From the first line to the last, output the data exactly as it stands, minus its pictures.

* Provided data
BEGIN

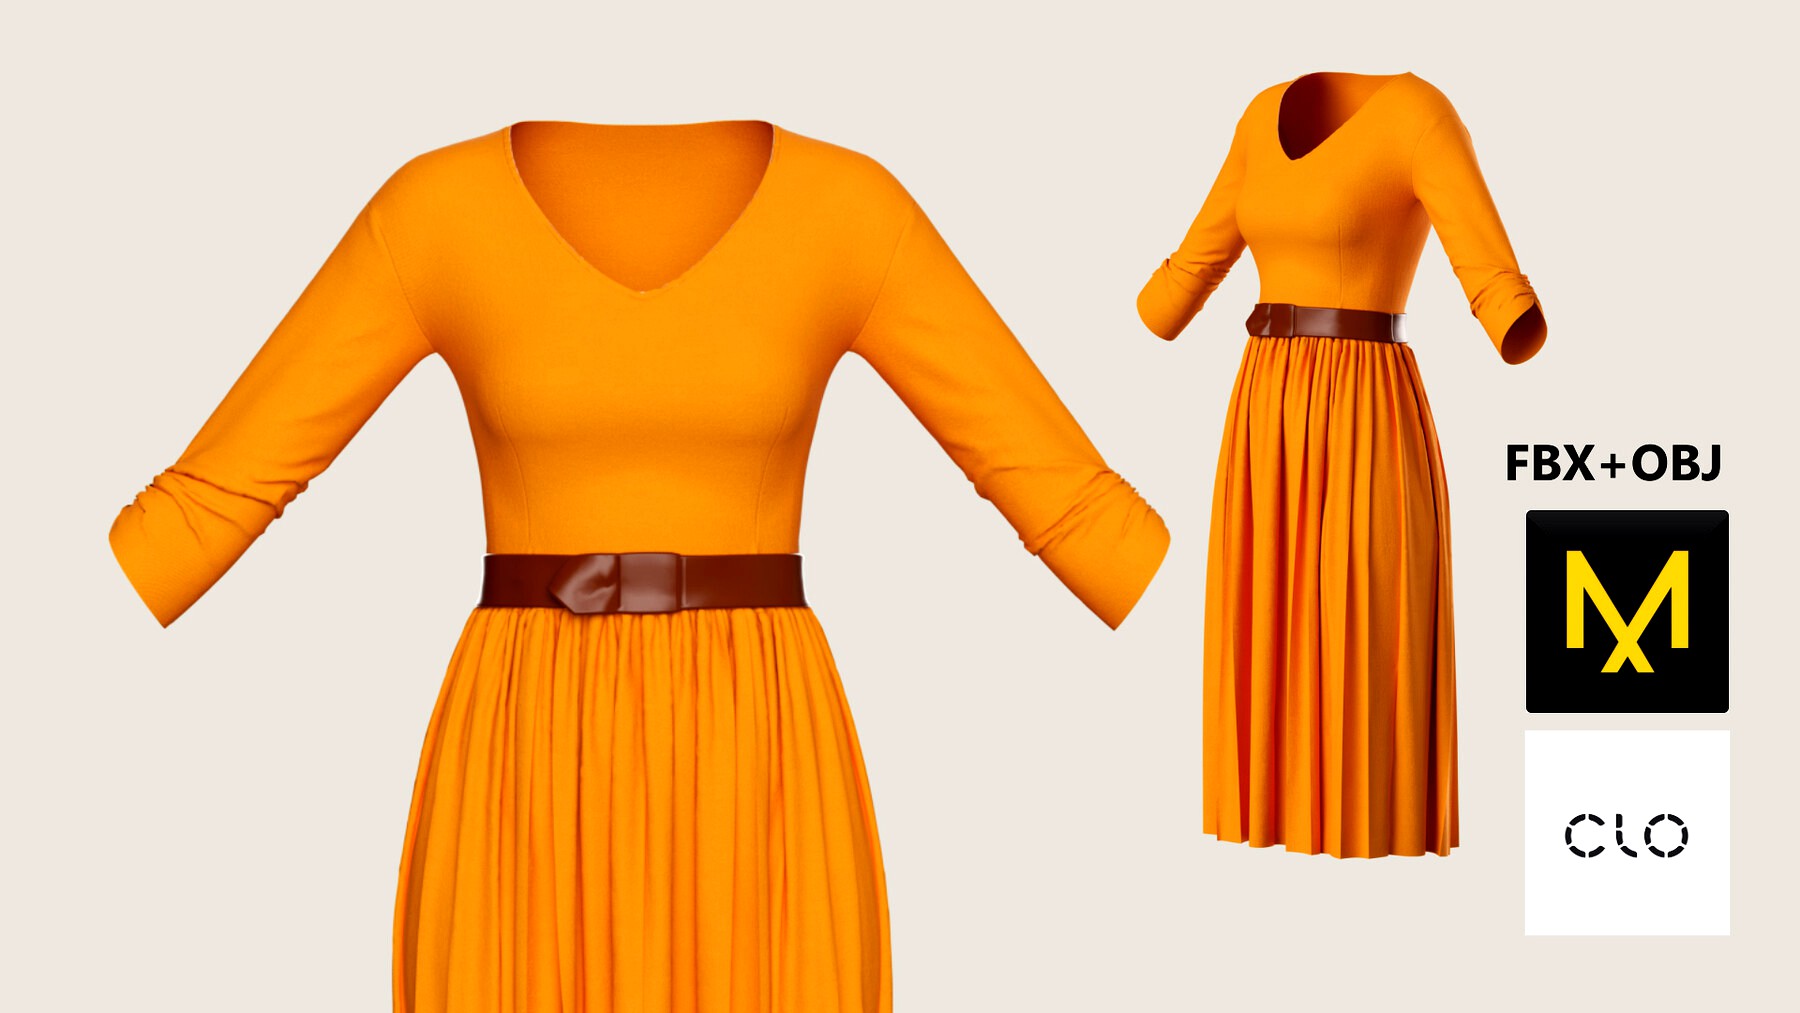 Modern Dress. Marvelous Designer/Clo3d project + OBJ + FBX
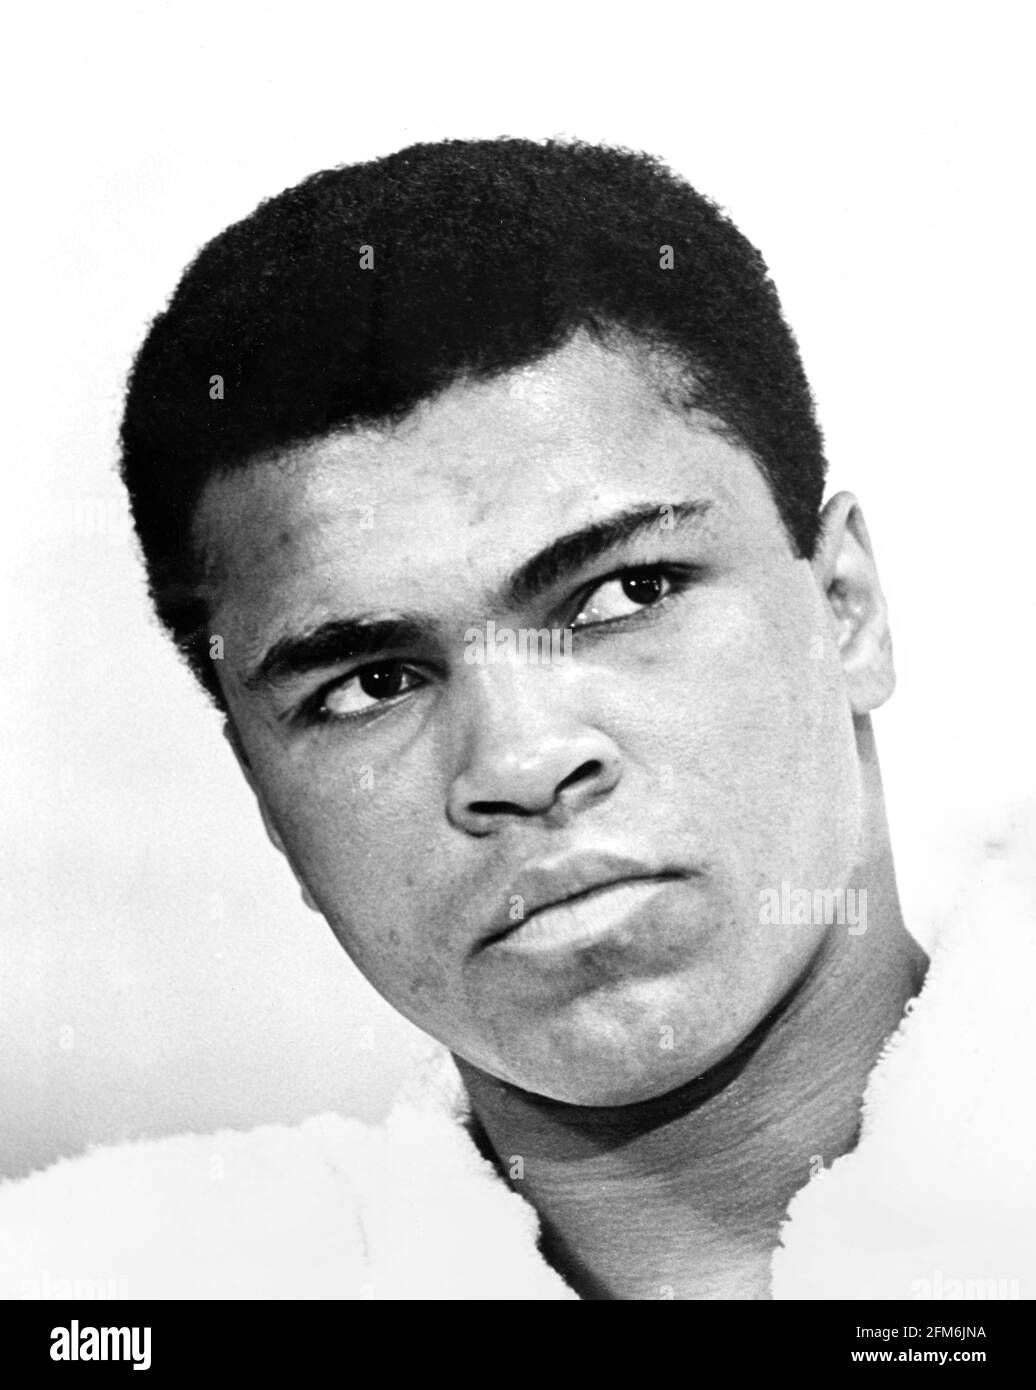 Muhammad Ali. Ritratto del pugile pesi massimi Muhammad Ali ( b. Cassius Marcellus Clay Jr., 1942-2016) nel 1967. Foto di ira Rosenberg Foto Stock
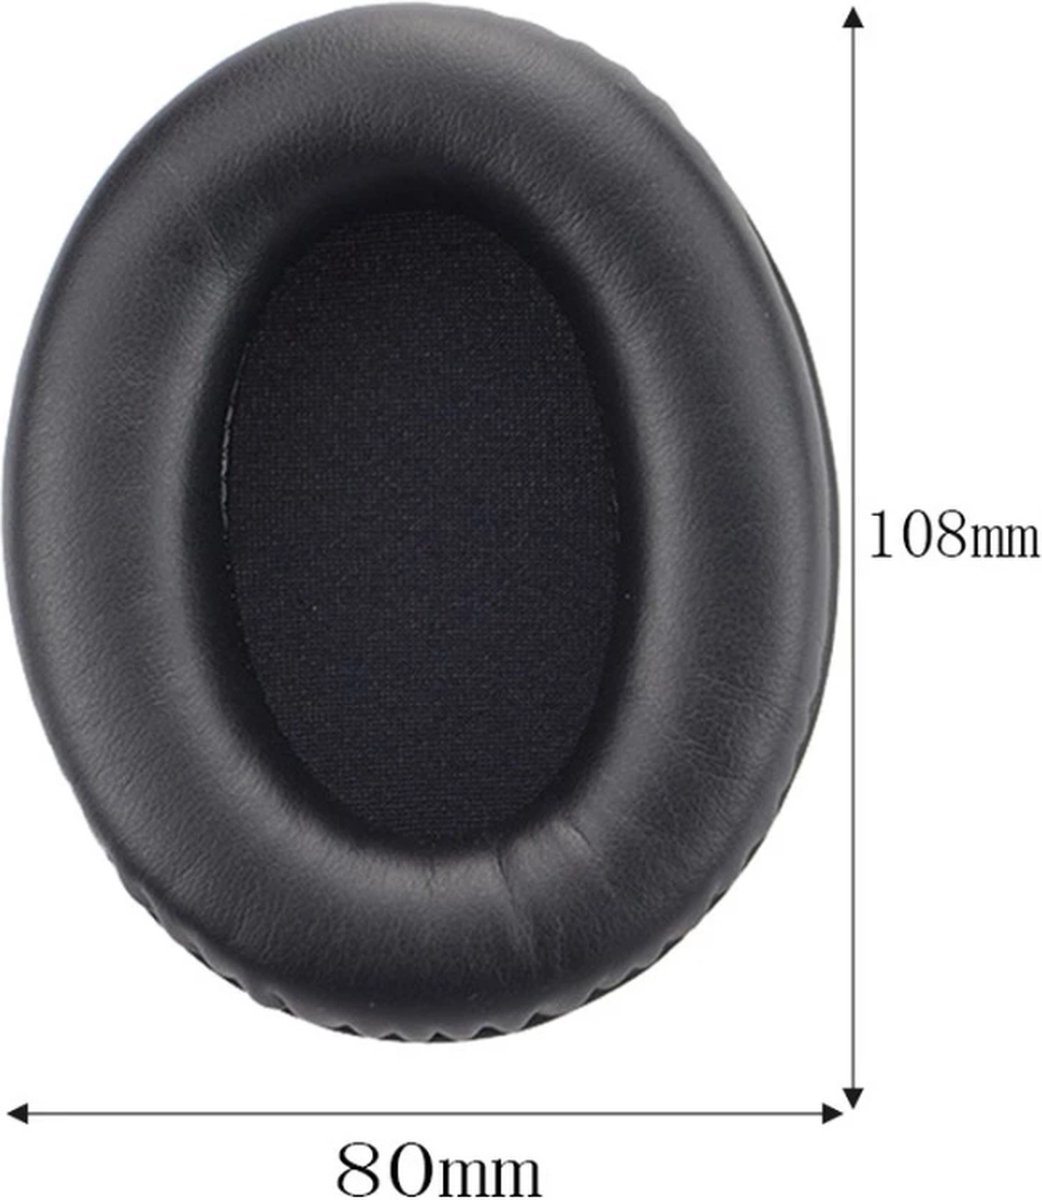 BukkitBow - Oorkussen Set voor Sony koptelefoon - Geschikt voor Sony WH-1000XM3 - Vervangkussens / Earpads voor Sony Koptelefoon - Zwart

END

* Answer below
 Modern Dress. Marvelous Designer/Clo3d project + OBJ + FBX
 Muhammad Ali. Ritratto del pugile pesi massimi Muhammad Ali ( b. Cassius Marcellus Clay Jr., 1942-2016) nel 1967. Foto di ira Rosenberg Foto Stock
 BukkitBow - Oorkussen Set voor Sony koptelefoon - Geschikt voor Sony WH-1000XM3 - Vervangkussens / Earpads voor Sony Koptelefoon - Zwart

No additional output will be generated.